Under anti-red tape czar Gil Beltran, the DOF’s chief economist and undersecretary for policy development and management services, the Department significantly reduced documentary requirements and streamlined procedures in at least eight frontline services offered by the government to individuals and businesses.

Beltran said cutting red tape in the DOF and its attached agencies were initially done in the Bureau of Internal Revenue (BIR) and the Philippine Deposit Insurance Corporation (PDIC) within the first three months of the Duterte administration.

“For instance, in the processing of registration for the Taxpayer Identification Number (TIN), the BIR removed 7 of the 12 required documents. The BIR added as an alternative document, the OTR or Occupational Tax Receipt, usually for those registering as self-employed individuals,” said Beltran, who was named anti-red tape czar by Dominguez last July.

Beltran also said that a government-issued ID, rather than a copy of birth certificate issued by the National Statistics Office, would now suffice as one of the requirements when registering for a TIN.

For corporations, partnerships, cooperatives and associations, the BIR removed 1 of the 7 required documents. Branches and facilities now only need to submit one kind of document after the BIR removed 2 out of the 3 requirements.

Local employees would need to submit only 2 out of the previous 4 documents, while for purely TIN issuances, Beltran said the BIR removed 2 out of the 4 requirements and added one alternative document.

In registering a Book of Accounts, the BIR removed 1 out of 4 documents for the manual type, 1 out of 3 documents for the loose-leaf type, and 1 out of 4 documents for the computerized type.

The BIR also halved the requirements needed for the transfer of one’s business registration to another regional district office to 4 out of 8 documents.

The cancellation of one’s TIN/Registration documents now only needs 4 out of the previous 8 requirements, Beltran said.

In the PDIC, out of 3 documents for the settlement of claims for deposit insurance and 5 documents for settlement of claims of closed bank creditors, PDIC removed one document each.

Another anti-red tape project, the KfW-funded Inter-Agency Business Process Interoperability (IABPI) Program, aims to streamline the process of issuing permits for imports and exports from two weeks to a maximum of only three days.

The project will not only improve the deliver of this frontline government service, but would also contribute to the increase in revenues, facilitate regional trade links and the entry or expansion of businesses in the Philippines, Beltran said.

Besides simplifying import-export documentation processes, the program’s targets include developing policies to “oversee, manage and harmonize transactions of all regulatory agencies” involved in these processes by establishing protocols to link their databases with each other.

The program also aims to enforce “transparent and accountable regulation processes and procedures [in] all relevant government agencies” and ensure that these would be sustained.

On top of these initiatives, the DOF began working together last year with the Department of Information and Communications Technology (DICT) to develop the government’s automated business and citizen registry systems that would serve as the primary tools in cutting red tape and reducing processing time for government frontline services.
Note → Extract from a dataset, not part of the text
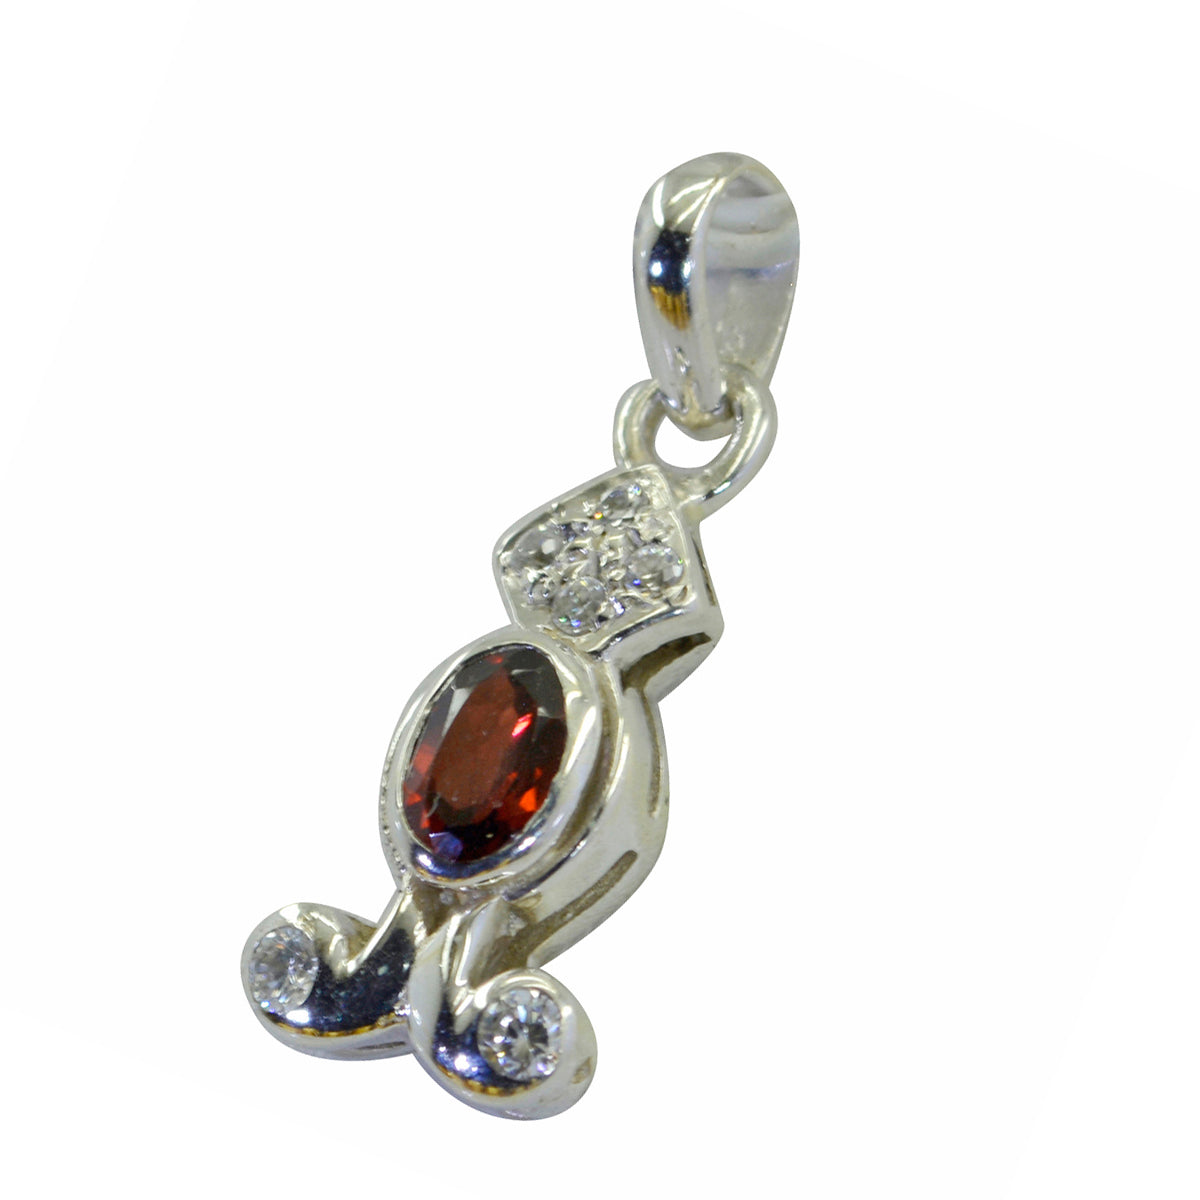 Riyo Irresistible Gemstone Oval Faceted Red Garnet 1130 Sterling Silver Pendant Gift For Good Friday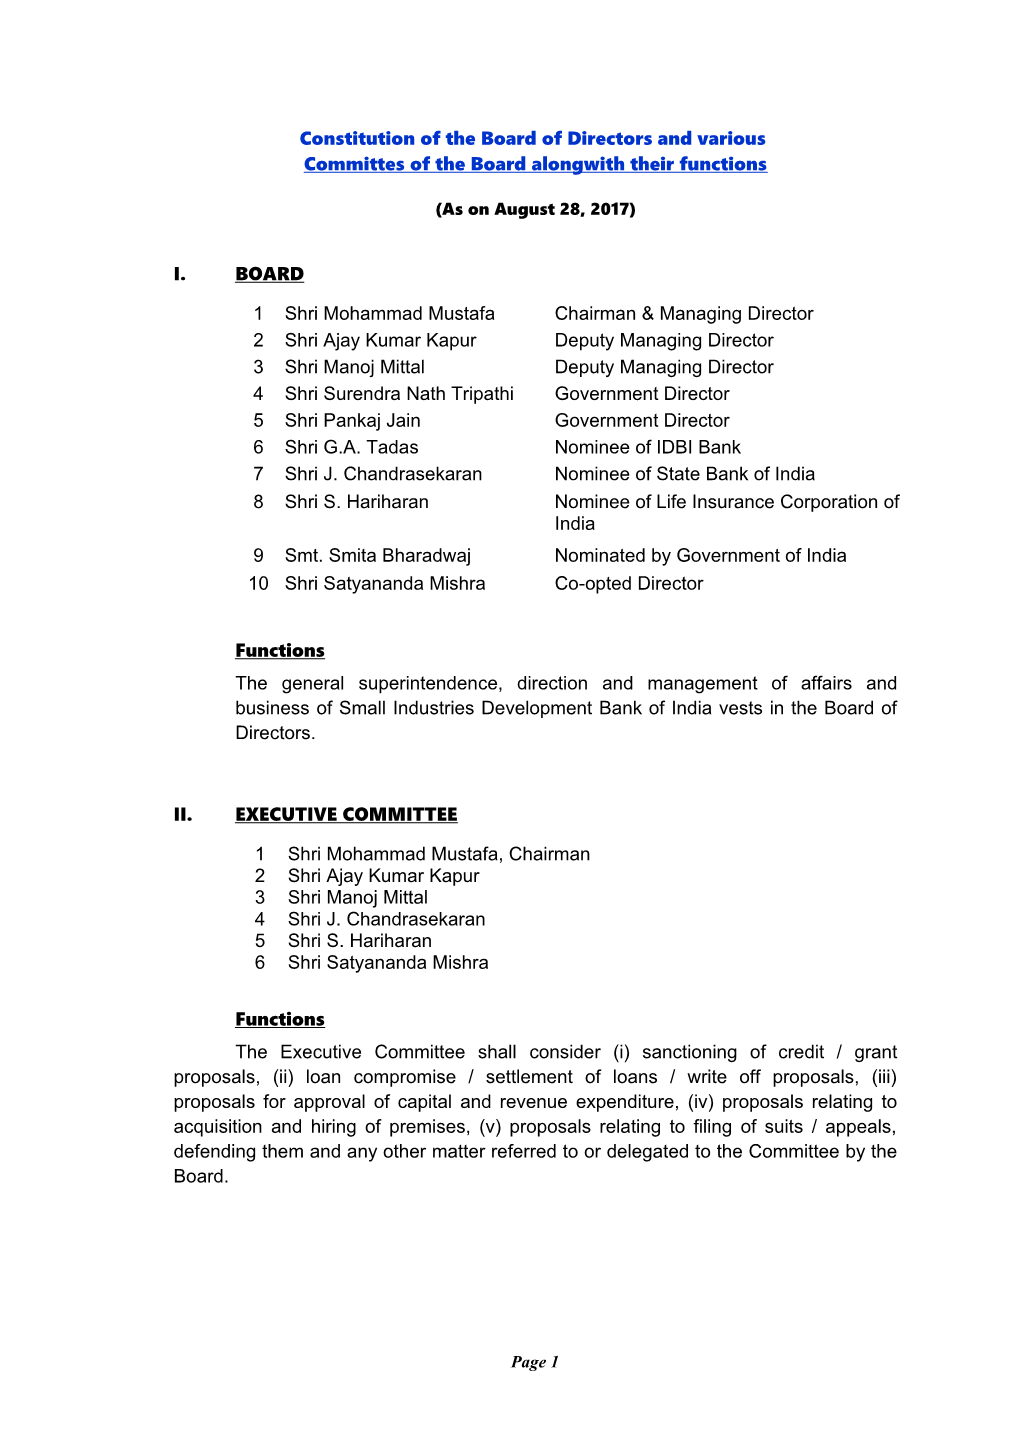 Constitution of the Board of Directors and Various

Beltran said the DOF and the DICT are continuing to identify the data to be gathered from various government agencies for the automated business and citizen registries.

Dominguez said he is envisioning a system comparable to the one used by the online buying portal Amazon.com, which can process millions of purchases from clients by requiring just a one-time registration of pertinent data that can then be validated and used for all transactions.

On trimming bureaucratic fat and generating additional revenues for the government’s priority programs, the PMO was able to raise P284 million as of November 2016, of which P96 million came from the proceeds of the sale and disposition of 13,000 square meters of land in Paranaque City (P55.9 million); 7 parcels of land in Davao City and 5 lots in Tagum City (P28.8 million); and 2,360 sqm of land in San Miguel, Manila (P11.3 million).